If you added a classification/recognition + modification neural network, to this one, it should get pretty close to perfect. Whatever features the AI is unsure of, it can just assume that its like other birds that it knows about, like humans do. When human beings turn 2D into 3D, we fill in whatever we dont know with what we expect. I.e. when were looking at that bird, wed automatically fill in specific details about feather, head shape etc, that we normally see in birds.
That's amazing!!! Creating PS1 level graphics from a single photograph?!? That's insane! How would the results look if we took a synthesized image from previous works and fed it into this one? Would it end up with several artifacts? And if so, could we train a network to search for artifacts and further refine the generation process of Both of the generating networks?
This system is a huge step for automation, so autonomous driving systems can generate occluded or far sides of objects the way our minds do automatically!

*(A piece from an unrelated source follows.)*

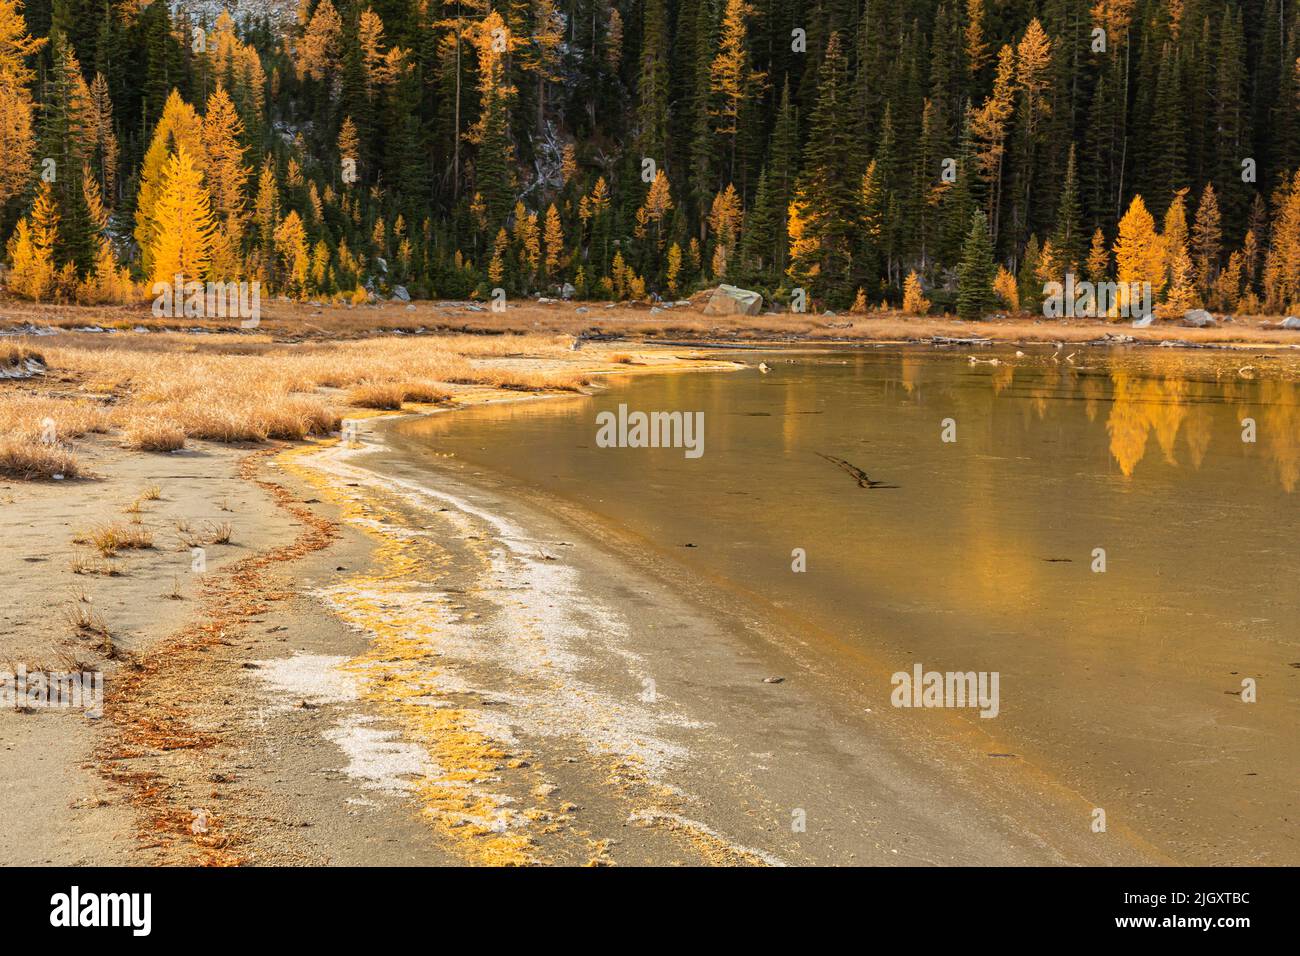 WA21729-00...WASHINGTON - Lines of fir and larch needles on the shore of Larch Lake in the Glacier Peak Wilderness area. Stock Photo

This teases the possibility of finally having a useful robotic house cleaner. Especially with iterative feedback from the actual environment into the planner.
I imagine this could be improved by an algorithm that mirrors the objects, since most natural and man-made objects are symmetrical. If the network could somehow find the mirror of least resistance (most overlap with mirror object) in the least destructive way, then small faults like single wings could be filtered out.
I bet that in 10 years from now we will be able to watch all our favorite movies in complete 3D reconstruction in real time, having the original movie as reference only. In 20 years from now, we will enjoy them as hologram projection movies.
Hey, I'm working on a publication based on this research and would love to add a citation of your paper, but I'm having problems executing the code (Issue #6 on your github repo). Would appreciate assistance!
I wonder if you could use a library of existing 3d models, then use image analysis to work out what is in the image, and find a relavent 3d model to use as a starting point
The first thing I thought of when I watched this was that this algorithm could be part of a network that watches old movies, creates models of all the objects in a scene and then renders an enhanced version of the same footage. We 've already seen RNNs that can ensure temporal coherence and physics based simulations that would provide enough information to perhaps even enhance footage considered to be damaged beyond repair. Is it very far fetched to think that a similar approach might be able to do the same with audio? I 'm absolutely fascinated and can 't wait to see someone try that.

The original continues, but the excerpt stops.